• _Data segment_

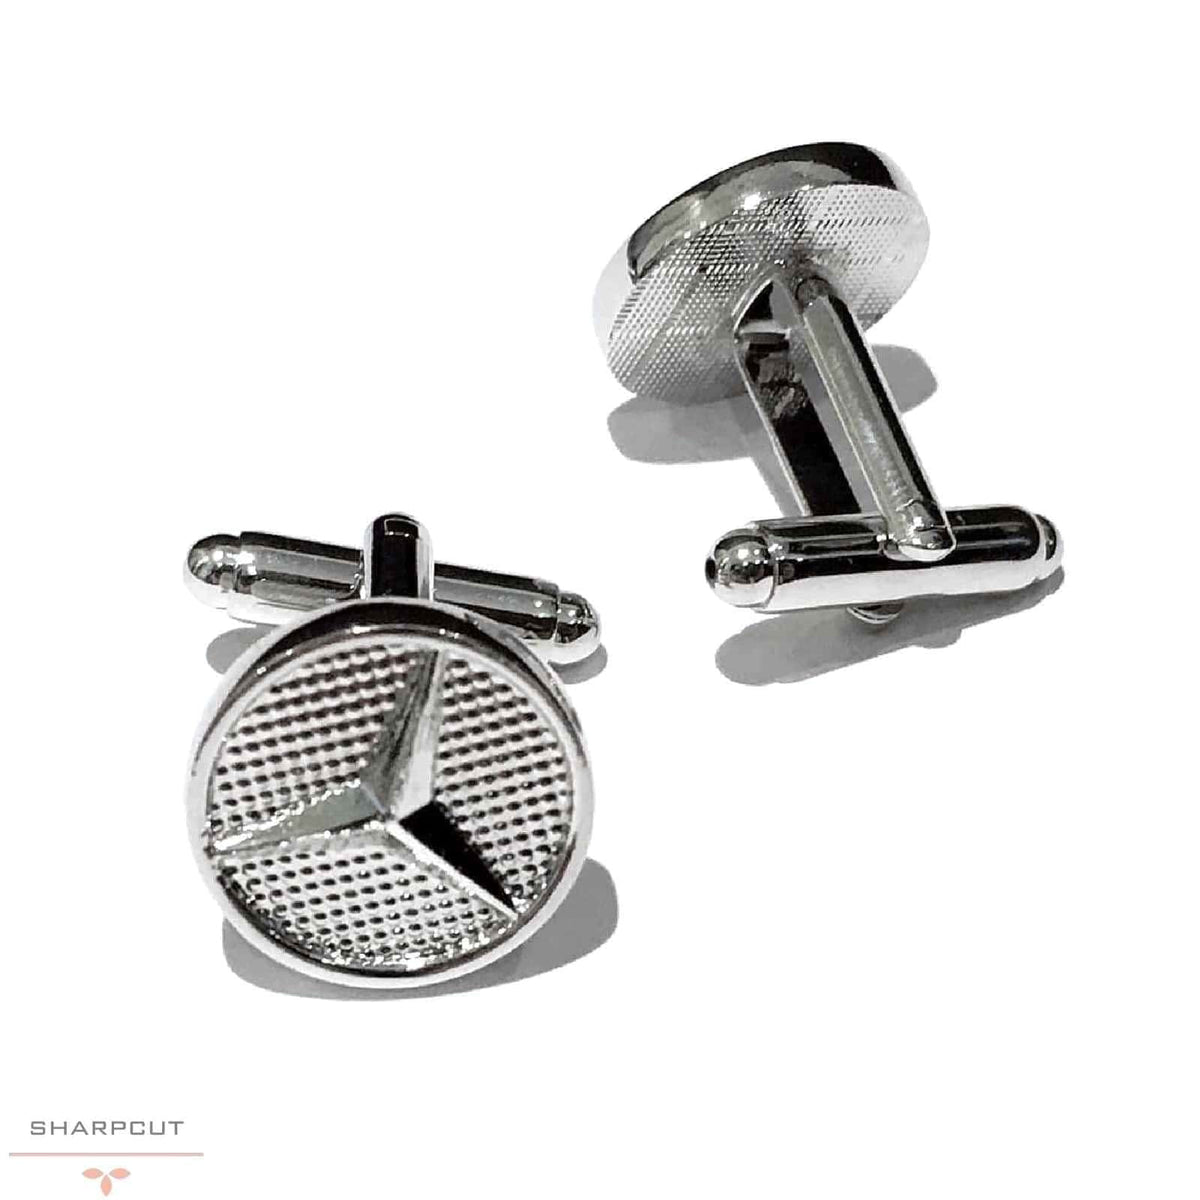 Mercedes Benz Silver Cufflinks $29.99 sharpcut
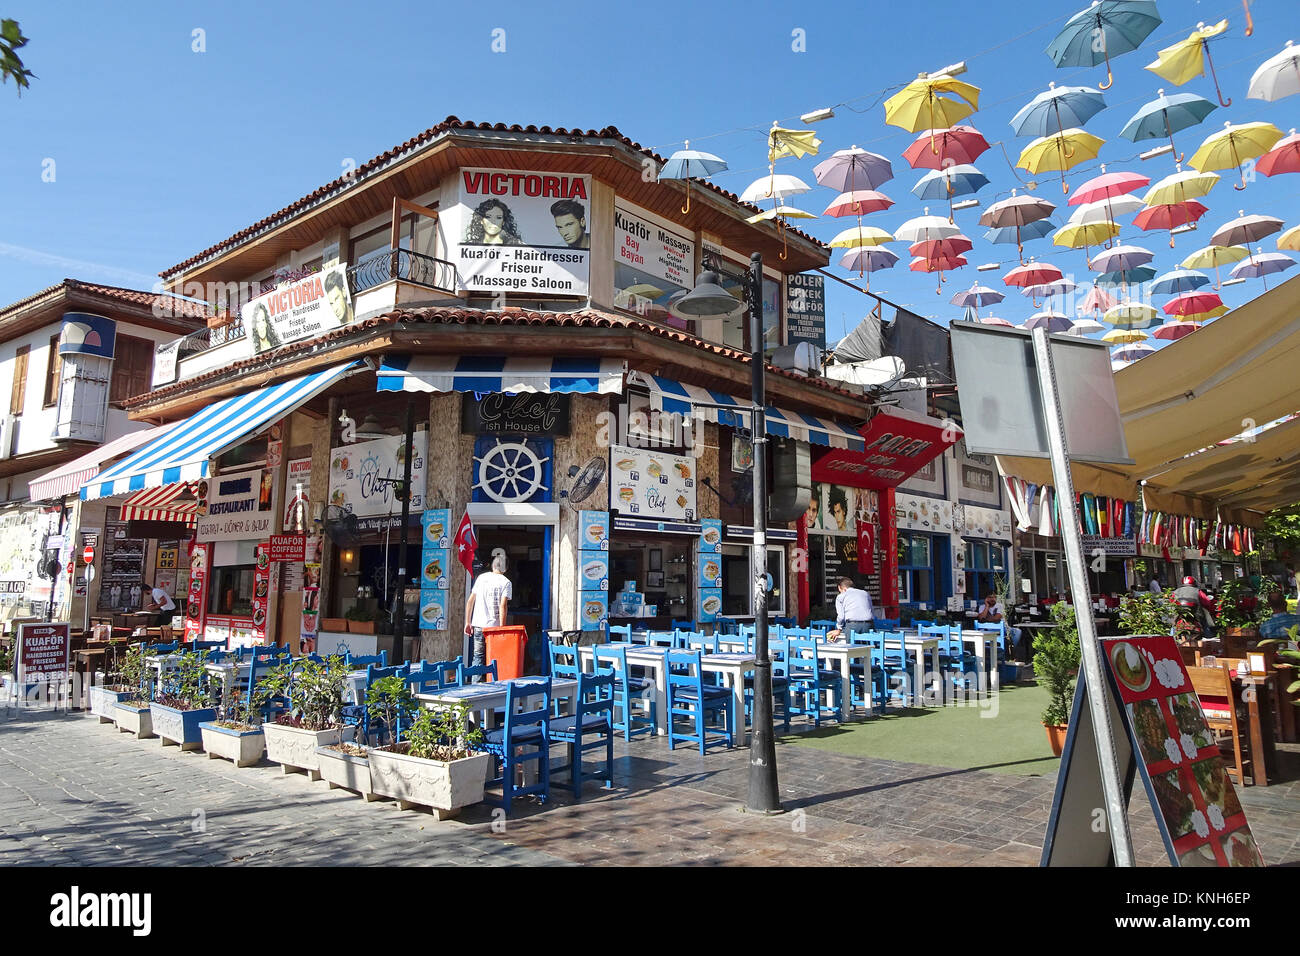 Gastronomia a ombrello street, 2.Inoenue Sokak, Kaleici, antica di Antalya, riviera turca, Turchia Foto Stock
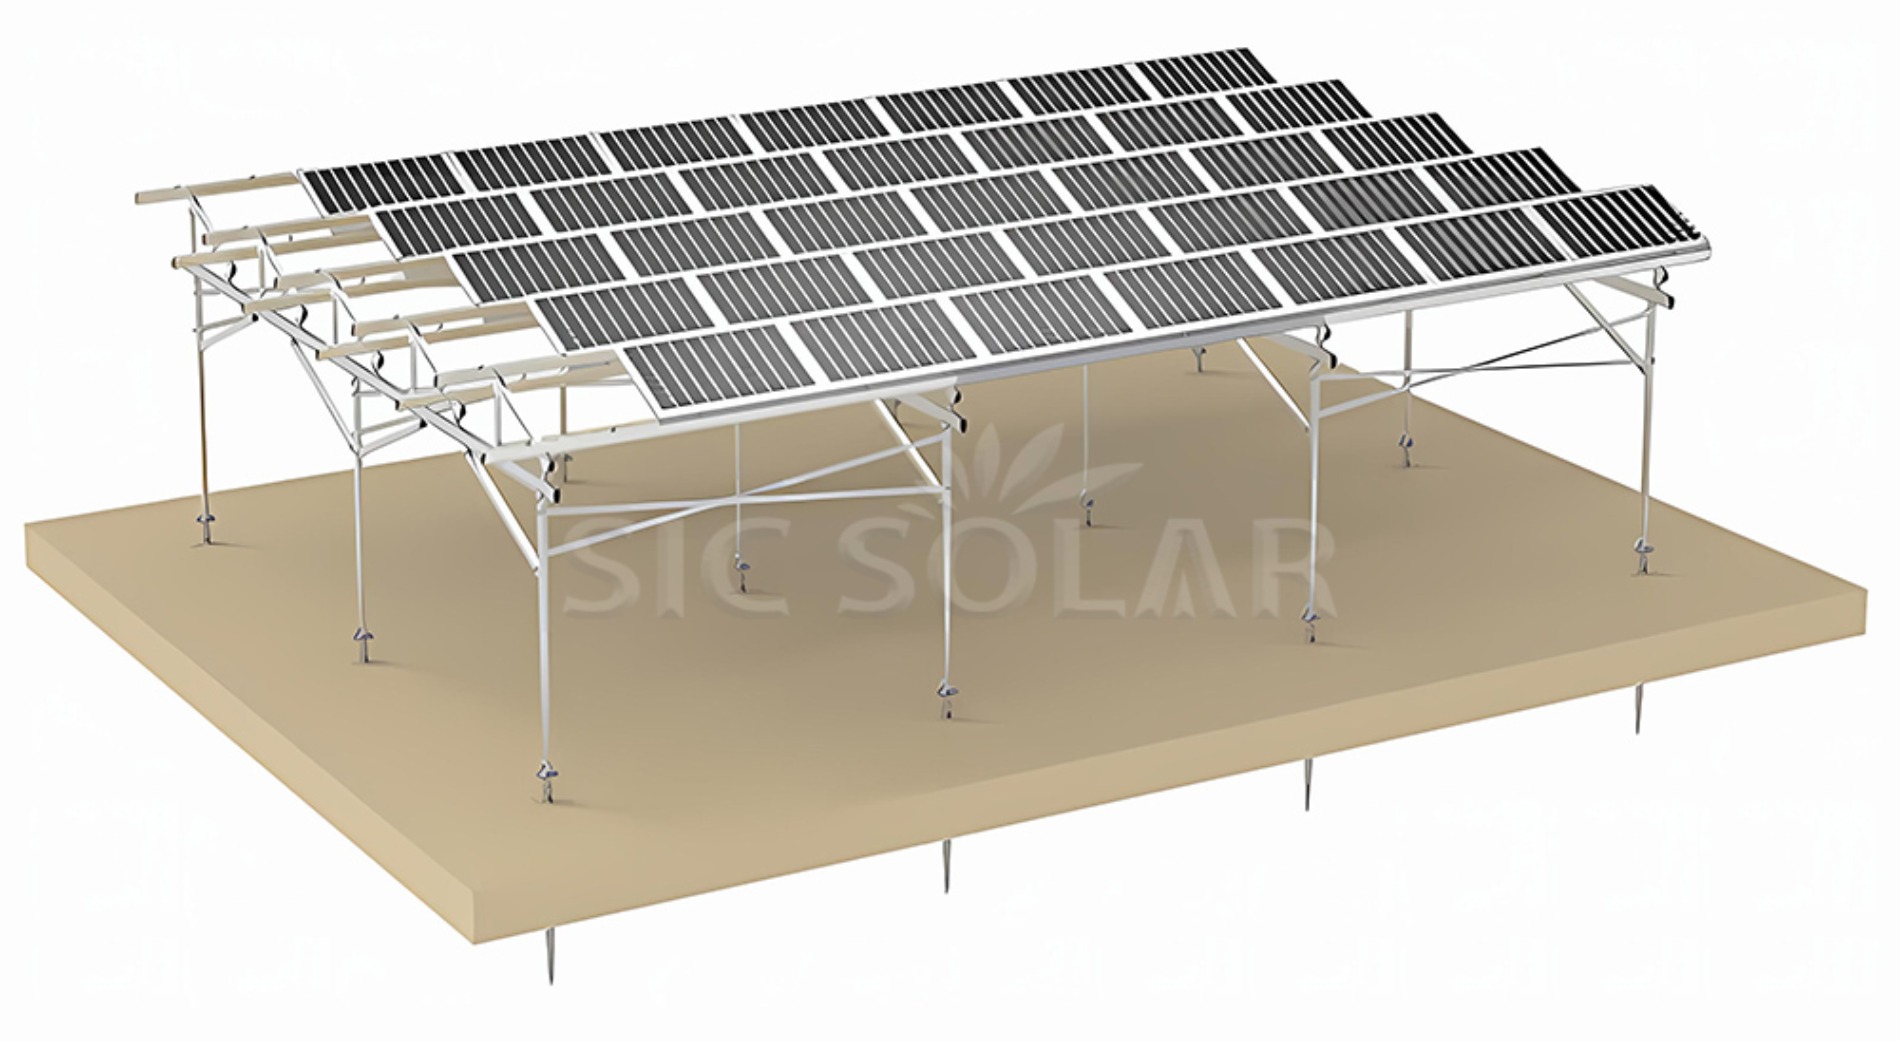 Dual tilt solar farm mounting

• _Task directions_
Your copy should run from the line that has "Gastronomia a ombrello" through the last line above, exactly, with both ends in and pictures out.

• _Result of the exercise_
 Gastronomia a ombrello street, 2.Inoenue Sokak, Kaleici, antica di Antalya, riviera turca, Turchia Foto Stock
 Dual tilt solar farm mounting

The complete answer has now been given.